Synthèse
Pourquoi Horizon TERRE ?
Pourquoi Horizon TERRE ?
Le consensus sur le constat des enjeux environnementaux actuels, établi de façon collégiale par la communauté scientifique (GIEC, IPBES1), a été pris en compte dans les Accords de Paris en 2015, au moins en ce qui concerne le péril climatique, et traduit en lois en Europe et en France par un objectif de diminution drastique des émissions de gaz à effet de serre (GES) d’ici 2050. Cet objectif implique une mutation sans précédent et urgente du fonctionnement socio-économique basé aujourd’hui sur une croissance économique continue et dépendante pour une grande part de l’utilisation d’énergies fossiles émettrices de GES. Les sociétés vont par ailleurs devoir s’adapter au mieux aux conséquences du réchauffement climatique et à la dégradation des systèmes écologiques.
La Commission et le Parlement européens font le pari d’une “croissance verte”, c’est-à-dire de parvenir, grâce à des solutions technologiques, à maintenir la croissance économique mais en se passant désormais des énergies fossiles, ce qu’on appelle “découplage” (briser la corrélation historique entre PIB et émissions de GES).

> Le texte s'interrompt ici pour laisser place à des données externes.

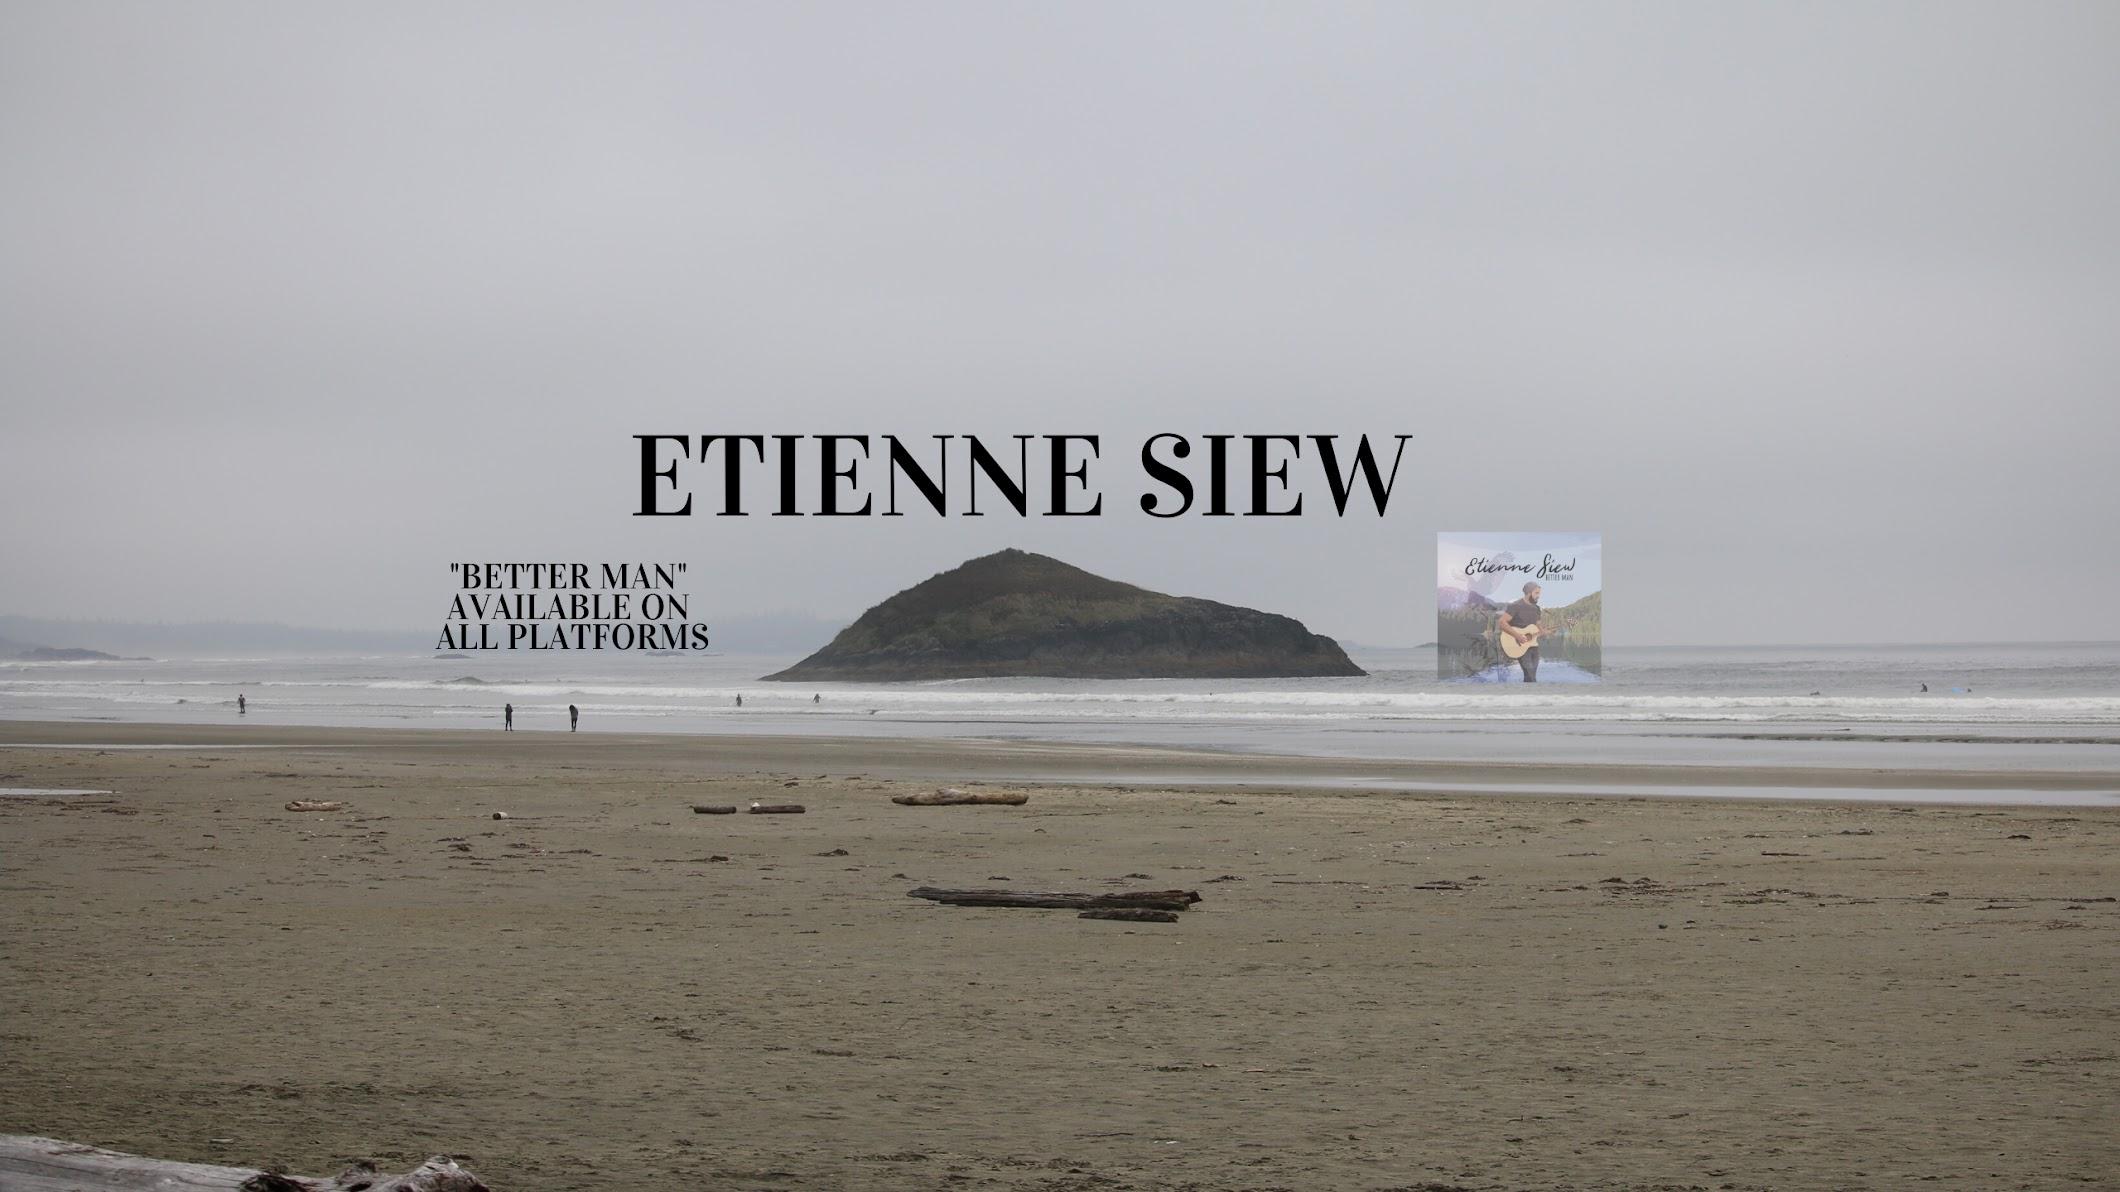 Etienne Siew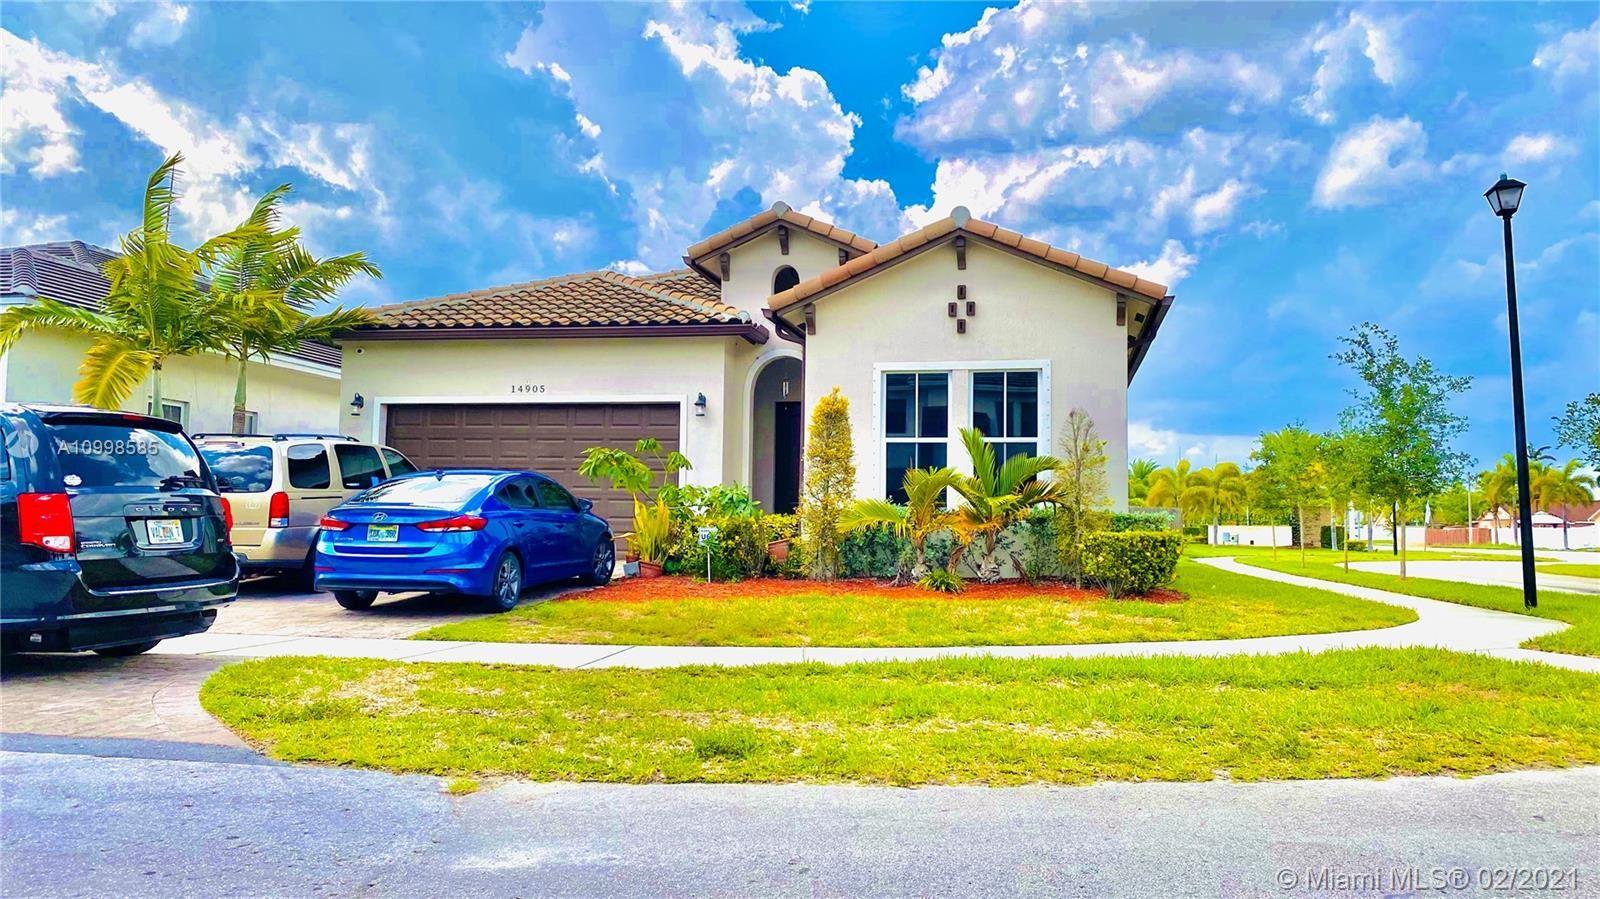 14905 SW 176th Ter, Miami, FL 33187 - #: A10998585

Leur plan stratégique définissant les orientations de recherche pour la période 2021-2027, intitulé « Horizon Europe », continue en effet de mettre la recherche scientifique au service de la croissance économique, comme illustré dans la citation en exergue. Le découplage nécessaire pour que cet objectif soit compatible avec les Accords de Paris serait réalisé principalement grâce au développement de technologies numériques, notamment de l’intelligence artificielle2.
Cette logique de “développement durable” mise en avant depuis plus de 30 ans a pourtant démontré son échec à produire le découplage entre croissance et émissions de GES. L’emphase sur le numérique pose question. En effet, l’impact environnemental du numérique correspond déjà à près de 4% des émissions mondiales de CO2, avec une croissance vertigineuse de 8% par an, bien loin d’une trajectoire compatible avec les accords de Paris. Cette croissance rapide du numérique se heurte également à la possible pénurie prochaine de certaines ressources en minerais et métaux, ainsi qu’aux pollutions et aux tensions géopolitiques qu’elle génère. La dépendance vis-à-vis de l’approvisionnement et de technologies rend l’Europe vulnérable. Enfin, la croissance du numérique génère de nouveaux objets et usages, facteurs de la croissance économique mais causes également de l’accroissement des impacts écologiques. Tout accroissement d’efficacité énergétique permis par des innovations technologiques, souhaitable voire nécessaire, est ainsi plus que compensé par des “effets rebonds”. Or ces problèmes majeurs et bien documentés scientifiquement ne sont pas évoqués dans Horizon Europe. Pourtant aujourd’hui, des programmes de recherche sont nécessaires pour résoudre ces enjeux du 21ème siècle.
Dans sa configuration actuelle, le programme Horizon Europe risque de manquer l’objectif d’aider l’Europe à remplir ses engagements. Pire, l’illusion que des solutions purement technologiques seraient possibles pour décarboner l’économie retarde les actions d’ordre socio-politique. En France le Haut Conseil pour le Climat a déjà alerté sur les risques d’une recherche de solutions trop exclusivement technologique : « les ruptures technologiques sont incertaines. Il est donc indispensable de ménager plusieurs chemins vers une économie bas-carbone, et de s’assurer que l’objectif de neutralité carbone soit atteint y compris en cas d’innovations futures moins fortes qu’espérées3.» La façon la plus efficace, la plus rapide et surtout la plus sûre de diminuer l’empreinte carbone est de diminuer la consommation énergétique. Ceci passe par une diminution et des changements de consommation, par une répartition plus juste des richesses naturelles et économiques, par une réflexion sur les besoins qu’il vaut vraiment la peine de satisfaire. Il s’agit donc d’inventer de nouvelles façons de vivre ensemble sobres et néanmoins heureuses.
Dès lors, quelle peut ou devrait être la place de la recherche scientifique dans un tel programme de changement de société permettant de préserver des conditions environnementales favorables au bien vivre ? Le chantier Horizon Terre propose une ébauche de réponse pour que la recherche scientifique participe efficacement à relever les trois défis de la diminution des impacts écologiques, l’adaptation à ces impacts et l’urgence à trouver des solutions efficaces et à grande échelle à la diminution et l’adaptation. Il s’agit donc de repenser les objectifs et priorités des recherches scientifiques en s’affranchissant de l’impératif de croissance économique, qui pour l’instant structure Horizon Europe, et de la croyance magique en un solutionnisme technologique.